Once the anchor list is compiled, you can start using it during your hunt operations. List the running processes, persistent files, or some other file-backed artifact you’re interested in. Compare those names to the anchor list. Do the filenames match? There will be many matches. What about the filepaths? If not, you know where to target your hunt. There are legitimate reasons for this happening (users do unexpected things), but locating this simple defensive evasion technique is a good way to find intrusions.

We’d also recommend some additional triage of results before calling this a legitimate detection and embarking on an incident response. Easy things to do include checking hashes against the masquerade target in the anchor list. If it’s a match, it’s probably a false alarm, and check the signer information for the file as we discussed in the previous post. Be sure to avoid being too trustworthy of the name on the cert, as actors sometimes can get code signing certs that look similar to something legitimate...but that’s a topic for another day.

If you find this approach worthwhile, you will have to keep your anchor list updated. Software changes and if you don’t change with it, you’ll have gaps in your analysis.

Filename Mismatch

Why stop at simply comparing files to your anchor list when more can be done? In this bonus masquerading approach, let’s look at filenames on disk and from the resource section of the binary. There’s a wealth of additional information here, including the MS Version info. As they note, it includes the original name of the file, but does not include a path. This can inform you whether the file has been renamed by a user.

Obviously, if the filename on disk doesn’t match the original file name, there are generally two possibilities: either the user renamed it, or maybe someone brought a tool with them, but doesn’t want you to know. Let’s take DLL implants for example. Many APT groups have brought rundll32 with them, as opposed to using the native Windows version. APT groups aren’t the only ones masquerading. Everyone does this!

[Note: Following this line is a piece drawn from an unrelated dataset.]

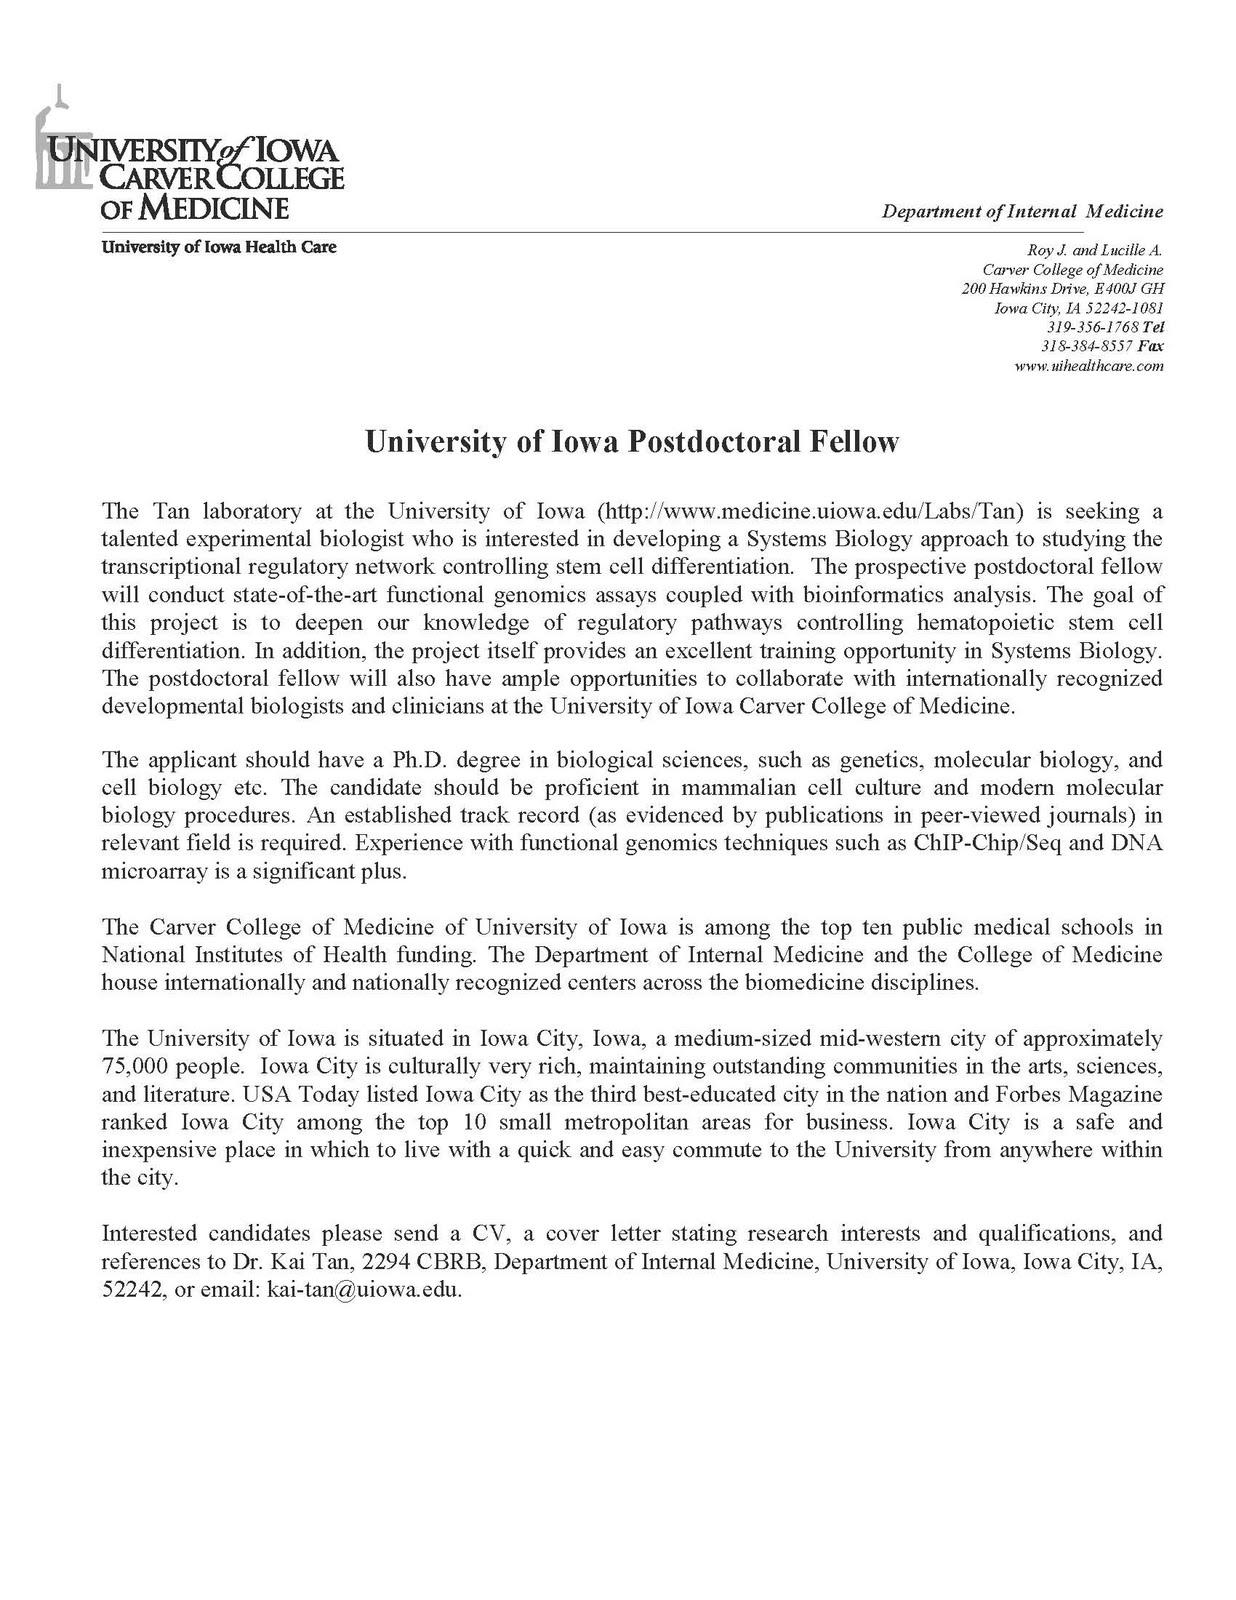 Applying for a Postdoctoral Position: A Stark Presentation

Endgame @ the Masquerade Ball

Crafting your own anchor list, regularly updating it, and manually comparing the list to your hunt data or adding this analytic to your bag of post-processing scripts may work for some, but it calls for routine grooming. Let’s take a look at how easy it is to hunt for masquerading using Endgame, where we provide this as one of the many one-click automations in the platform.

Conclusion

Whom amongst us doesn’t love to use Halloween as an excuse to masquerade as someone, or something, else? Unfortunately, adversaries embrace this mentality year round, hiding in plain sight, actively evading detection, and trying to blend in. Clever use of masquerading within filenames can make their activities difficult to detect. While there are manual means to detect mismatches and masquerading, this can be time intensive and may not scale well to larger environments. Thanks to Endgame’s advanced detection capabilities, in a few clicks we are able to quickly catch those masqueraders, remediate the intrusion early, and get back to the ball.